-- What the task requires --
There is one span to output from the data below: the lines starting at the line with "5 camisas polo" and ending at the line with "Путін підписав 'закон'". Output it exactly, ends included, nothing more.

-- Supplied data --
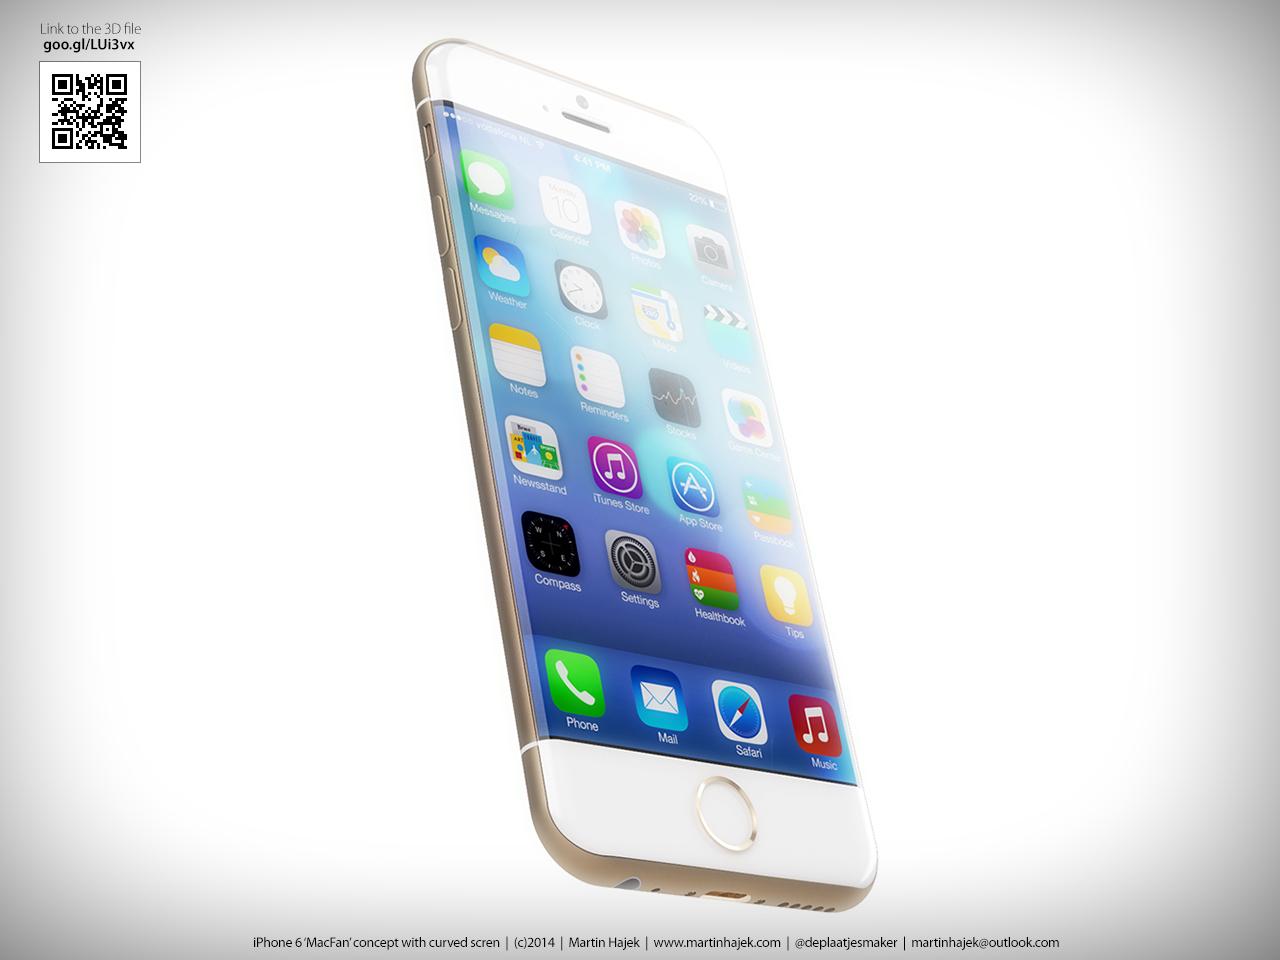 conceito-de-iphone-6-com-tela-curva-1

...

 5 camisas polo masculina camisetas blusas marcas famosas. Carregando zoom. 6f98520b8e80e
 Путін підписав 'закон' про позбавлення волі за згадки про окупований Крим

-- Task response --
 5 camisas polo masculina camisetas blusas marcas famosas. Carregando zoom. 6f98520b8e80e
 Путін підписав 'закон' про позбавлення волі за згадки про окупований Крим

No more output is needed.